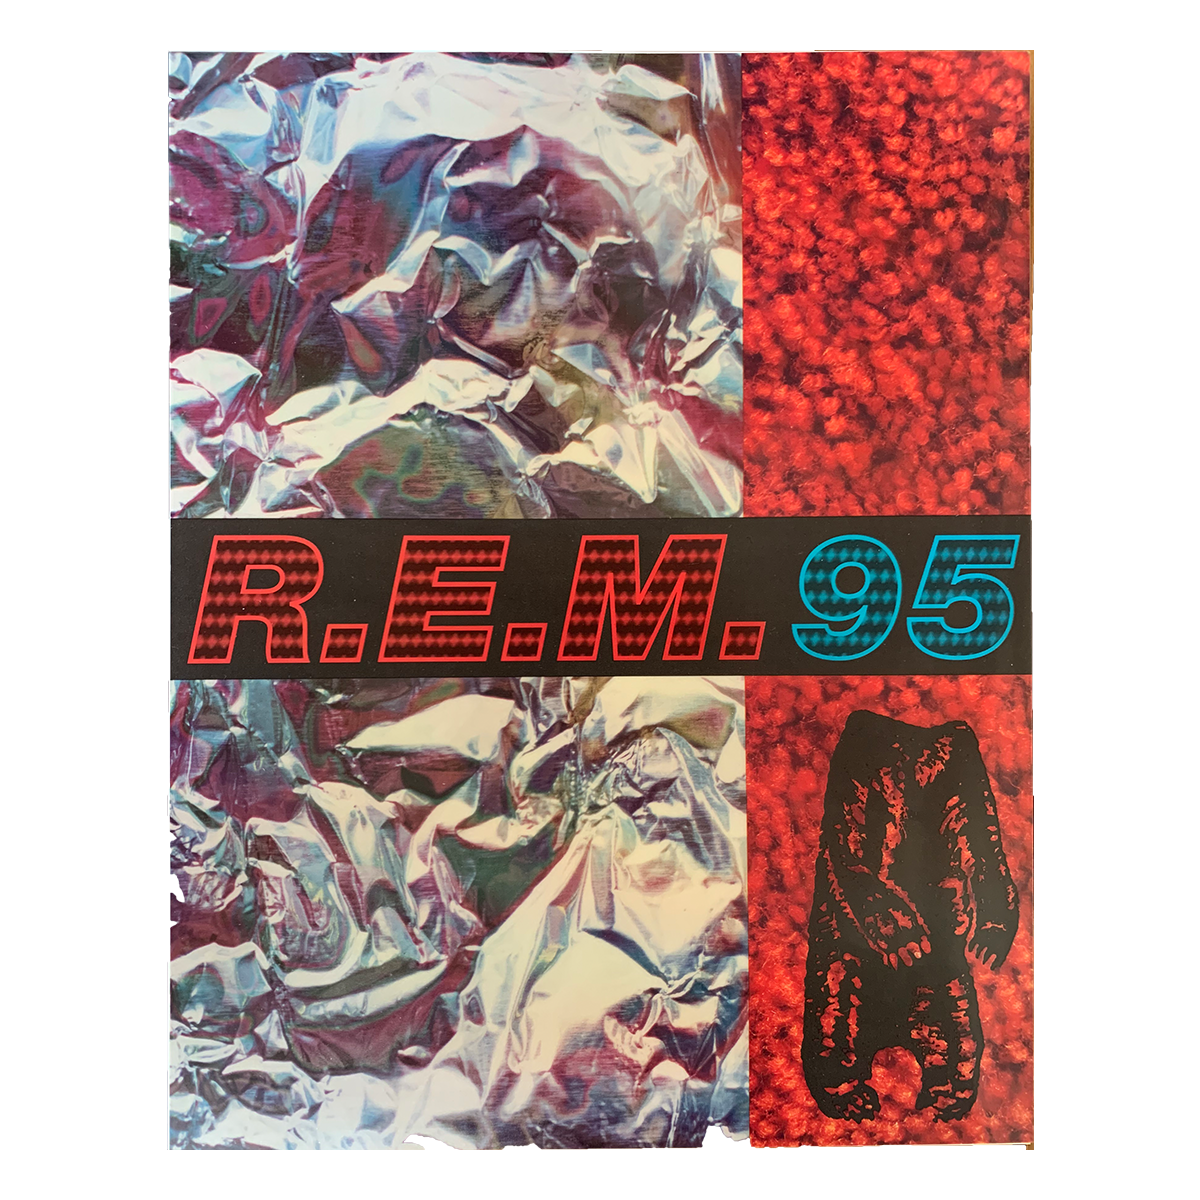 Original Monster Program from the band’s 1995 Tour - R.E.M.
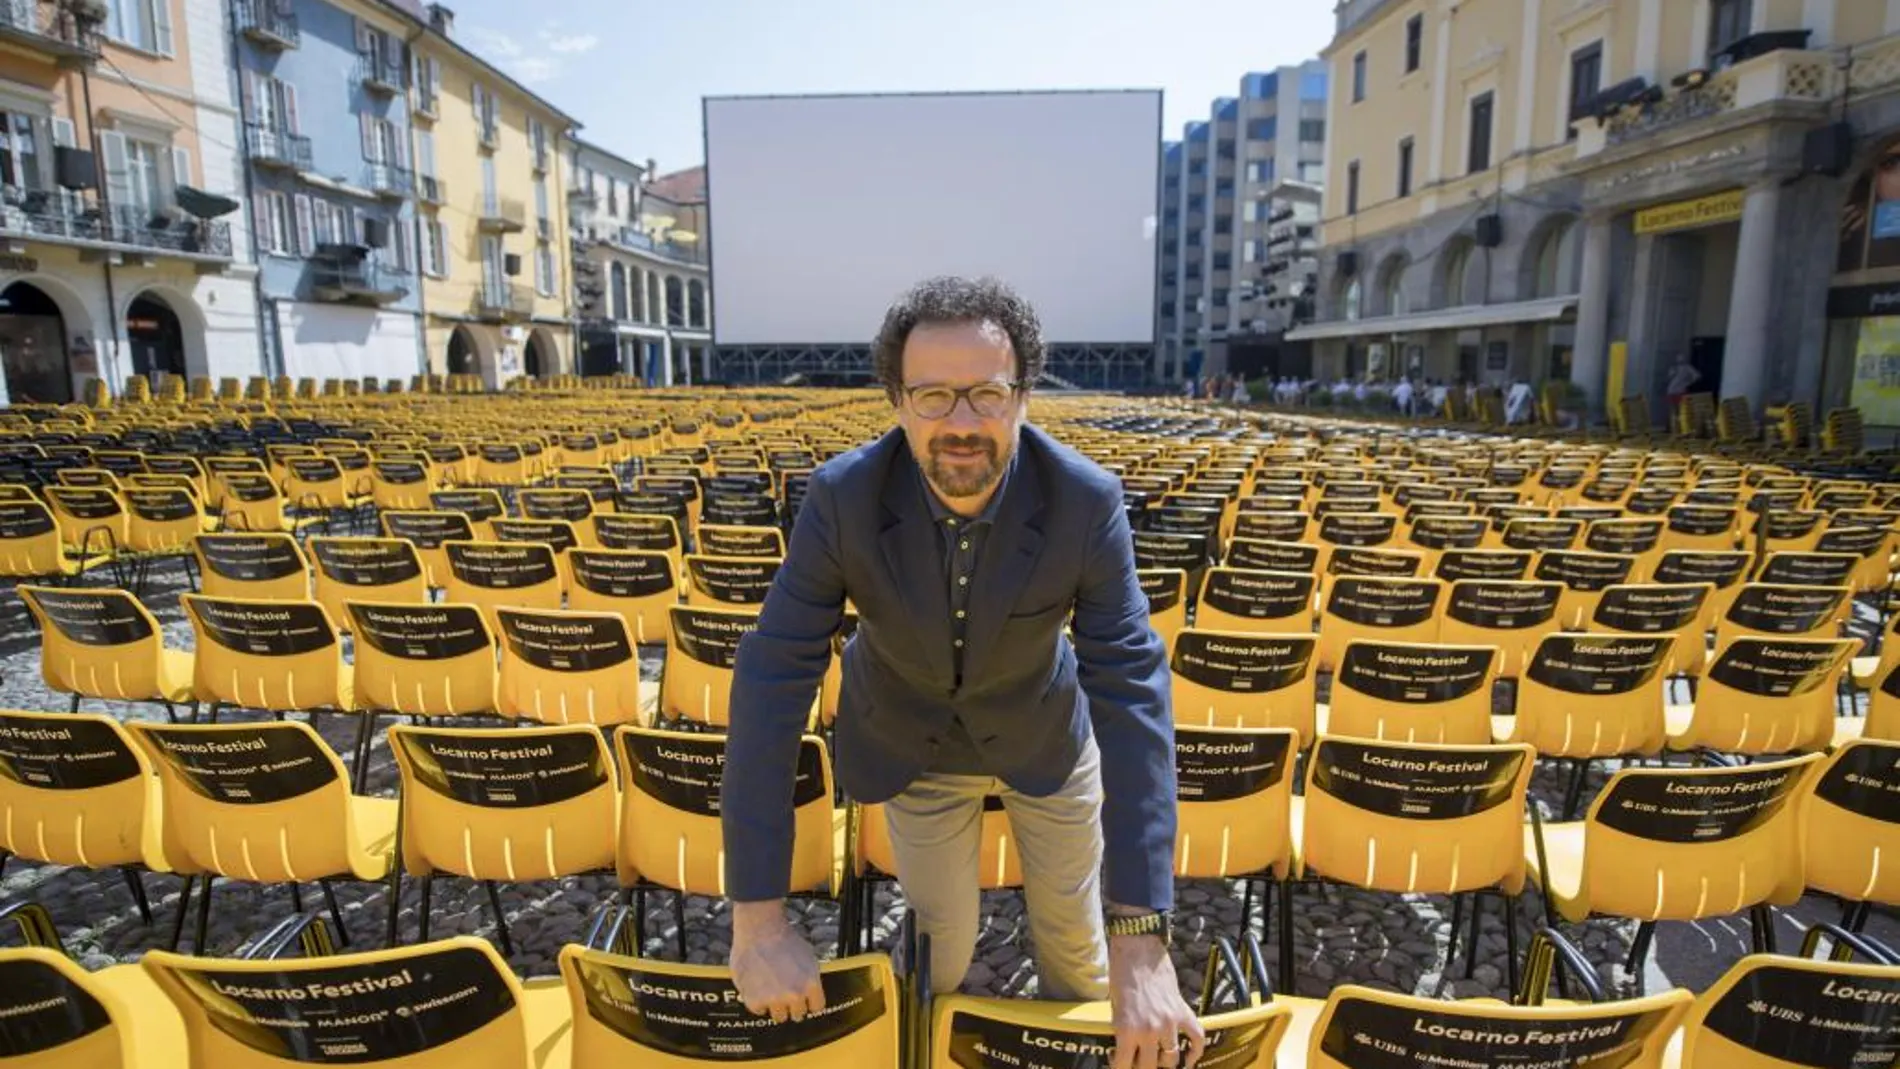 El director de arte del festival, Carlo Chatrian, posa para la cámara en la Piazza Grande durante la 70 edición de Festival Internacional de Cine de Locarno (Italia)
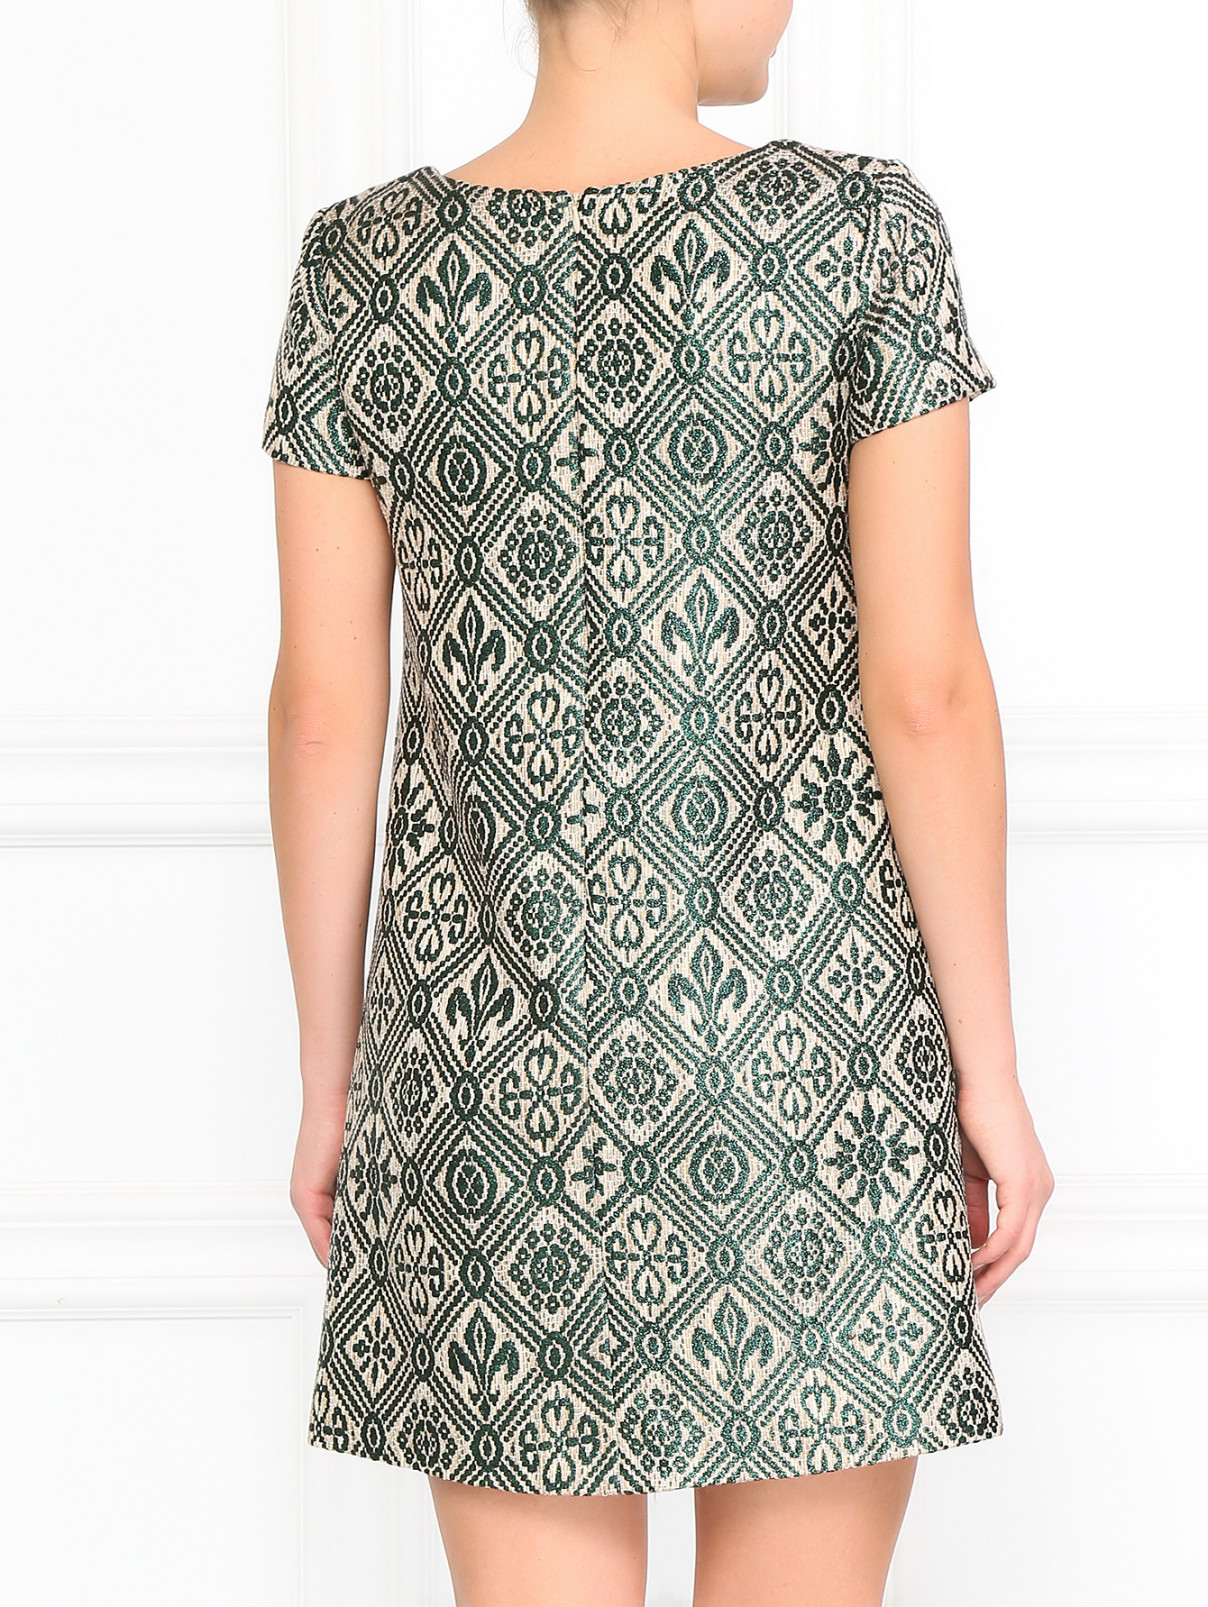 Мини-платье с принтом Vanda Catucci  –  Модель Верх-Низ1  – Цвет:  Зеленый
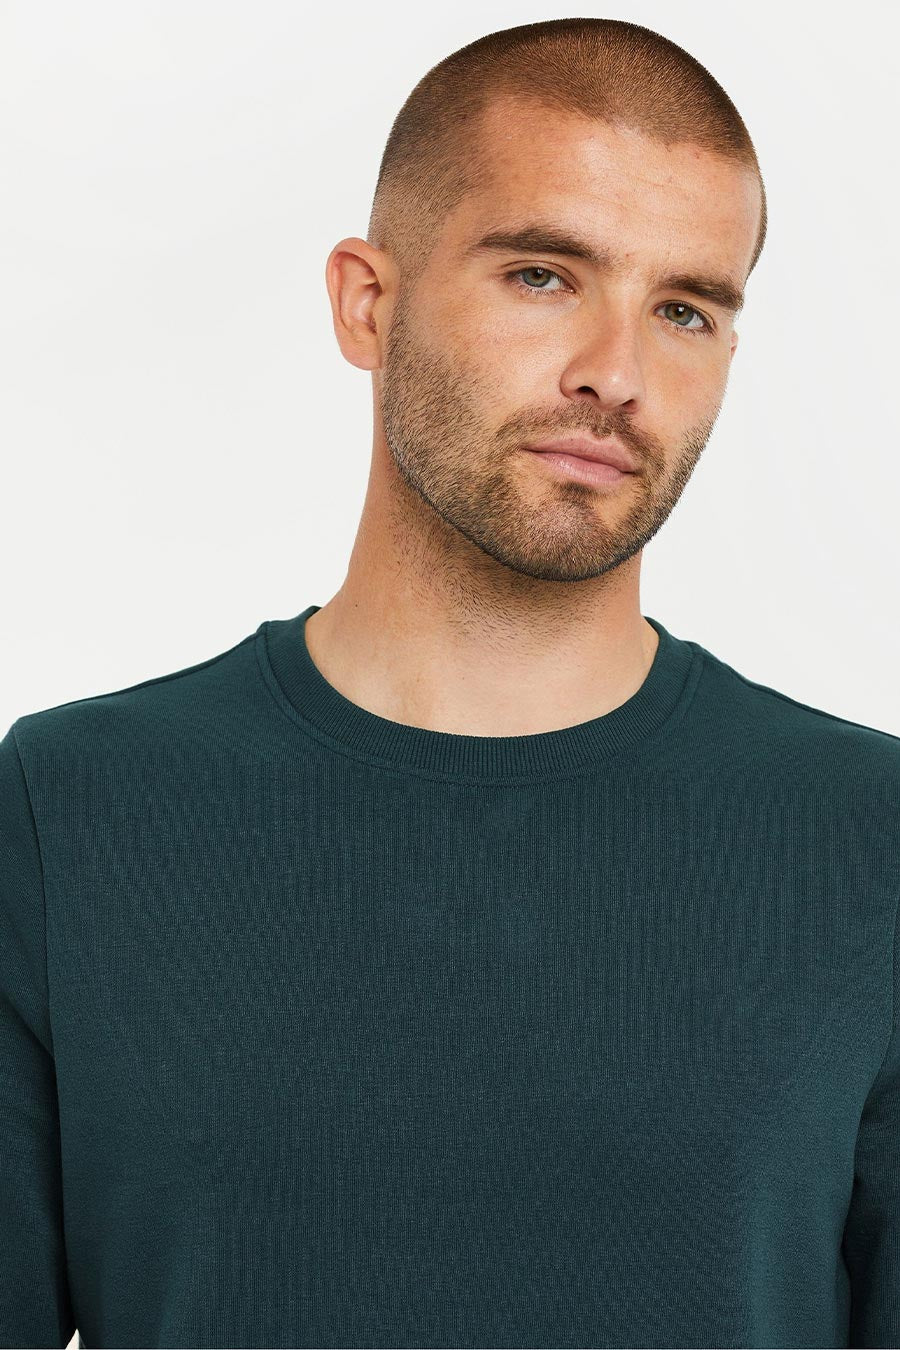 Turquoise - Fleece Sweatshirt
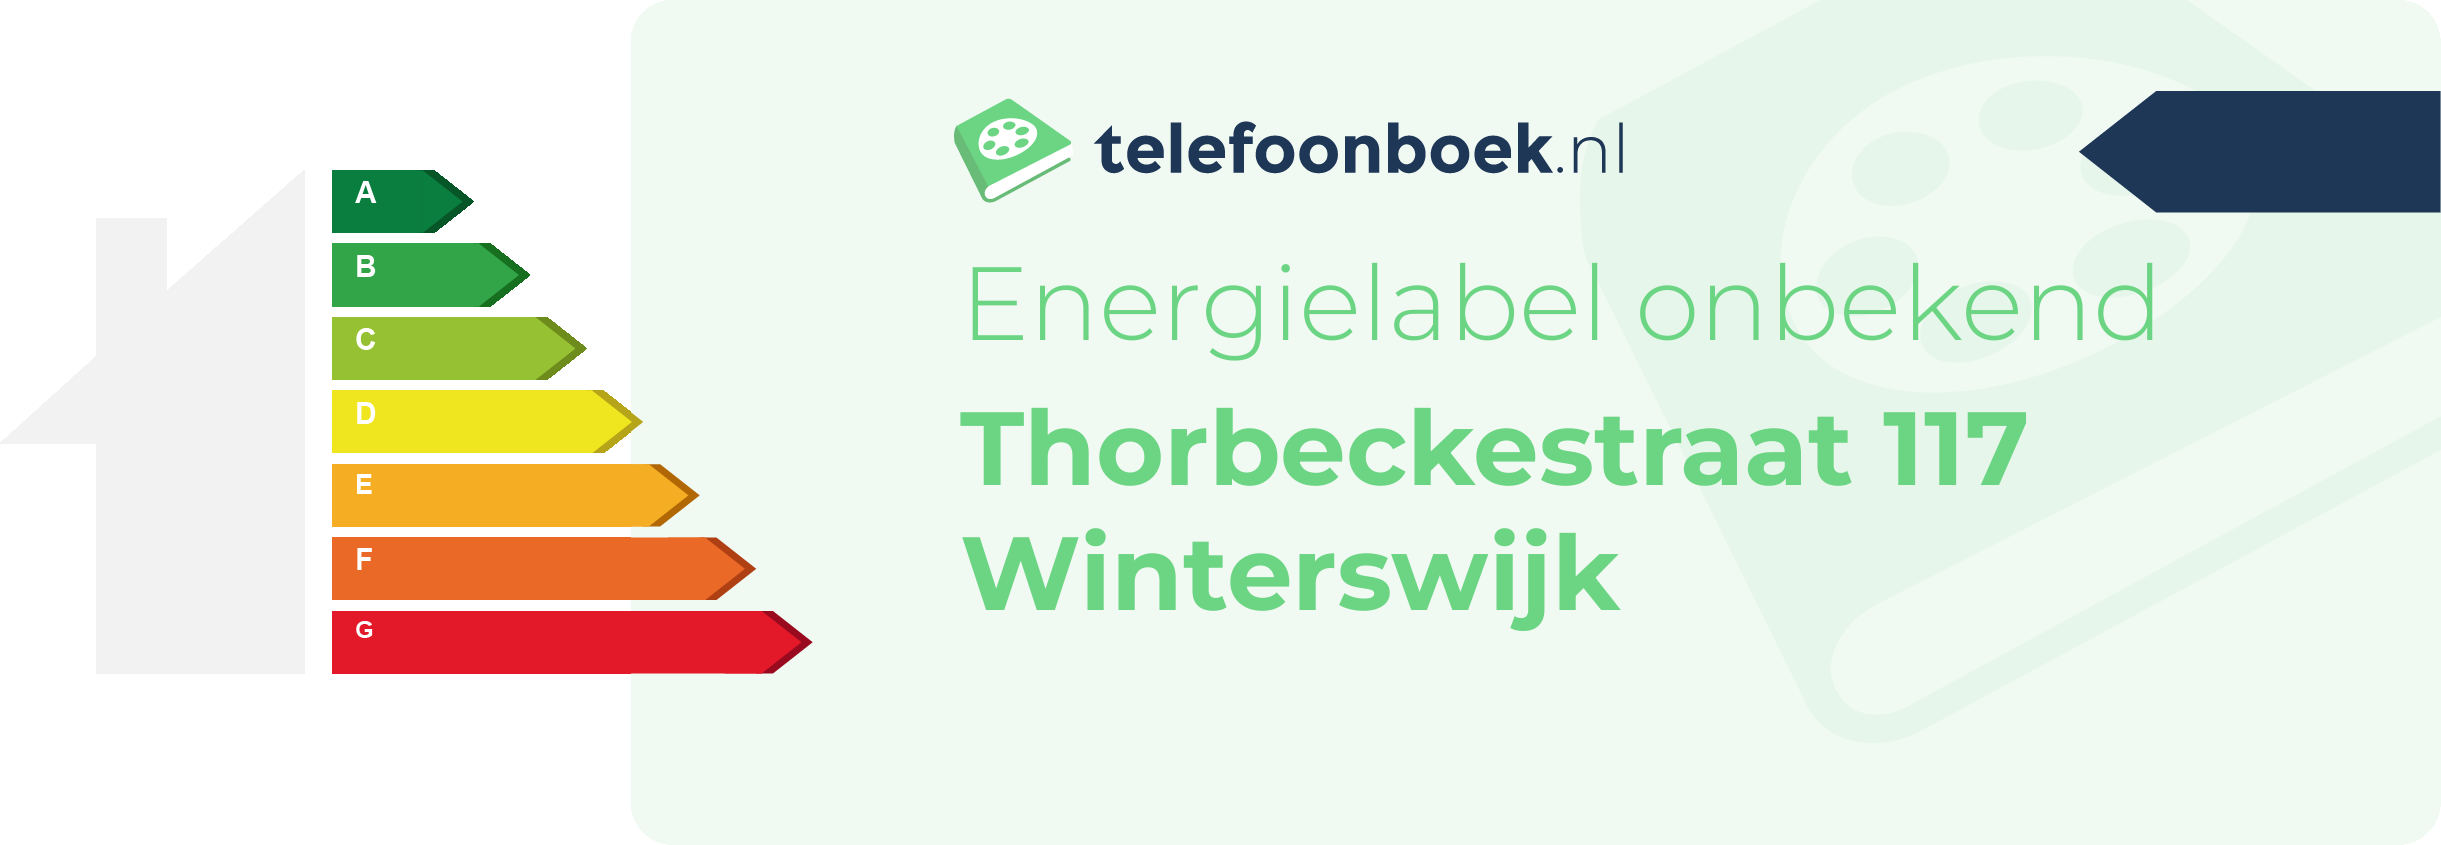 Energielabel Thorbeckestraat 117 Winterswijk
.....
# Task requirements:
Please restate all of the listing above word for word, with no pictures.

# Answer for the task:
 Original Monster Program from the band’s 1995 Tour - R.E.M.
 El director de arte del festival, Carlo Chatrian, posa para la cámara en la Piazza Grande durante la 70 edición de Festival Internacional de Cine de Locarno (Italia)
 Мини-платье с принтом Vanda Catucci  –  Модель Верх-Низ1  – Цвет:  Зеленый
 Turquoise - Fleece Sweatshirt
 Energielabel Thorbeckestraat 117 Winterswijk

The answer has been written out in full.